Ever since I was young I've had the habit of secretly playing an invisible piano. Occasionally it's an invisible violin. I know something's boring me when I find myself trying to figure out how to play something in contrary motion. Ha, this sounds even weirder than I thought it would.


----------



## Ben (Aug 23, 2009)

-I bite things; pencils, pens, my pillows...like Jonny said: I'll probably chew on anything.
-I make random gestures when talking to myself.
-I jiggle my leg almost nonstop when I'm sitting.


----------



## Thorndrop (Jan 6, 2010)

I do all of those. lol.. The whispering one is a very rare occurence saved for my math teacher who patronises us. 'Just SHUT UP please!!!'


----------



## Ormazd (Jan 26, 2010)

whenever I go to a restaurant I have to perfectly arrange my napkin placemat cutlery etc. so that it all squares out and the bottom of the napkin lines up with the bottom of the placemat and the like.


----------



## KaylRyck (Feb 2, 2010)

Quin Sabe said:


> 3. This is the most recent, I honestly think it's just me trying to be a active listener but it comes out as me just say yup, yeah, a lot agreeing with you on things I know nothing about.

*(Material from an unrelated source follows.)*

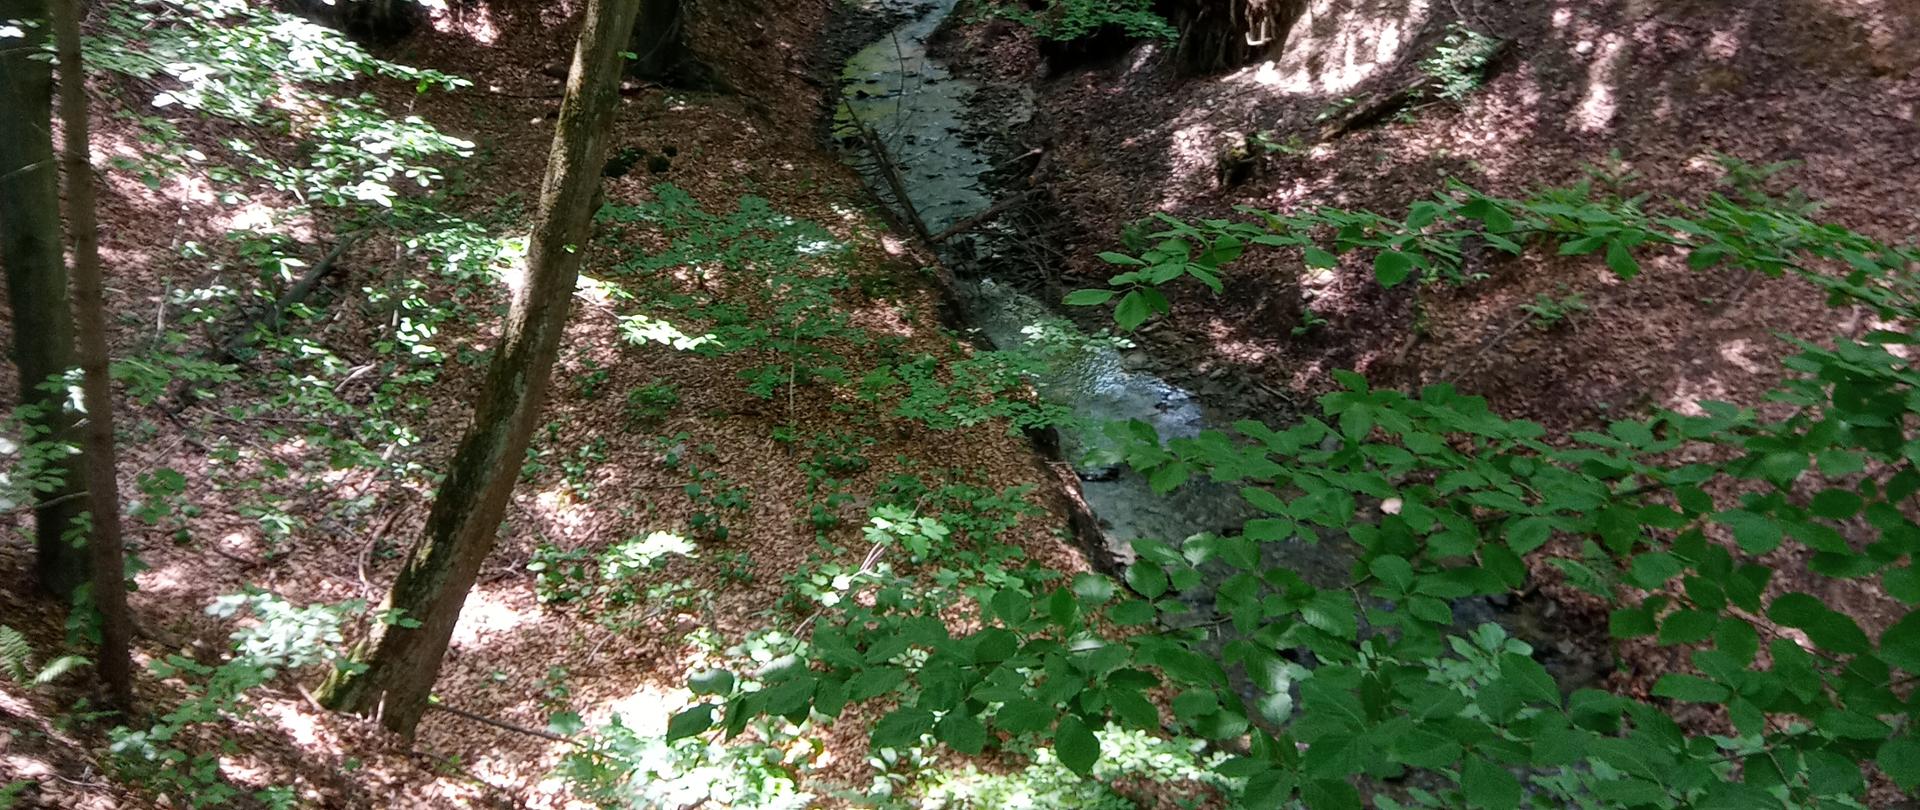 Zdjęcie przedstawia fragment lasu, środkiem płynie niewielki strumień

Haha, behind the bar last weekend, my best mate payed out on me for that...apparently I'm always saying "yep, yeahhh, yeh" - just when people are talking to me. I don't know what it is, but I don't like to remain quiet like most people! roud:


----------



## Quin Sabe (Jan 26, 2010)

Sweet, I'm not the only one, ^_^


----------



## Spicy Obsession (Feb 15, 2010)

Whenever I make lists (mentally, out loud, written down, whatever), the number has to be a multiple of 5 or 10. I can live if it's only 3 items on the list, but that's it. I'll make up things to do or scratch some off until the number's 10 or 15 or 5...

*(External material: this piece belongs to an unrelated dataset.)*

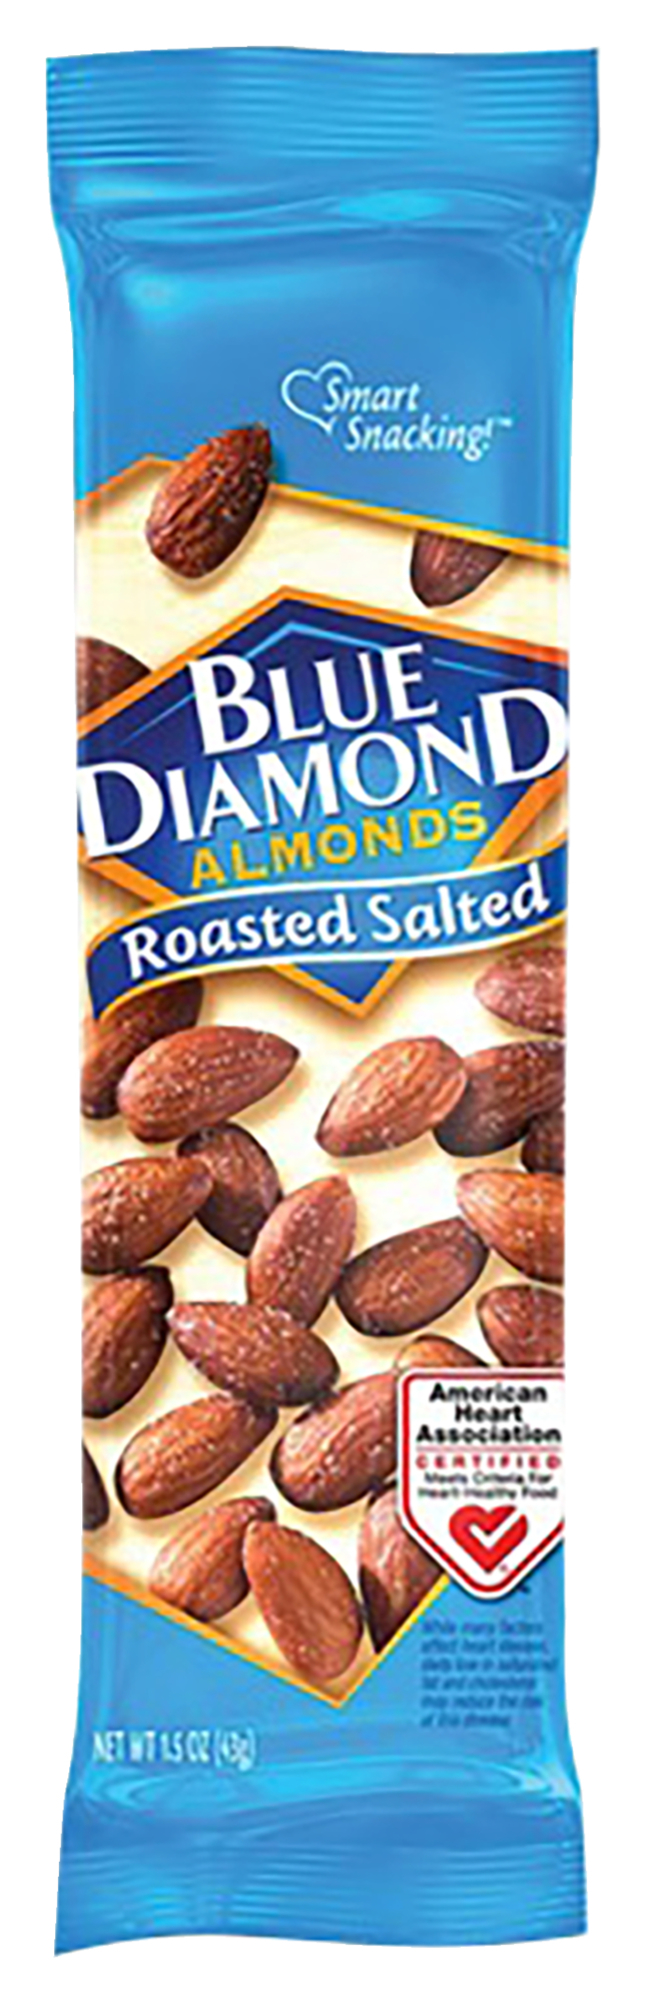 Blue Diamond Roasted Salted Almonds, Item Number 2049923

Same for goes for time appointments. I don't wake up at 7:31am; I wake up at 7:30am or 7:35am. My family and friends think I'm a crazy for this one defining tick of mine.


----------



## very bored (Jul 6, 2009)

The only tick I notice is that at times, my thoughts move back and forth between being said aloud and just being thought.


----------



## Nearsification (Jan 3, 2010)

I sometimes say "tick tock" over and over again when i'm bored without noticing.


----------



## Quin Sabe (Jan 26, 2010)

I think just found another one, maybe not so much of a tick but still something odd and somewhat random.
I've noticed there times I just can't seem to talk coherently, or in sentences. I feel retarded when it happens. "But, seems to occur more often, when I have been alone just haven't talked much in awhile almost like I forgot how" That's example of it, (I just wrote it without thinking) I speak just like that phrase above. Instead of saying, "It seems to occur more often, when I have been alone and just haven't talked that much in awhile. It's almost like I forget how." That example isn't even the worse of it, it's usually choppier. It pisses me off but I guess there's nothing I can do except keep talking until I get it out of my system.:frustrating:


----------



## Monte (Feb 17, 2010)

Wow, I have the "You know?" issue, the whispering to myself issue, and the inability to speak correctly after extended time alone.

This is a big relief, I was beginning to think I was crazy. 

One of my other "ticks" is to immediately add, subtract, divide, or multiply license plates to form different numbers within the numbers WITHOUT having to add in another number... if that makes sense.


----------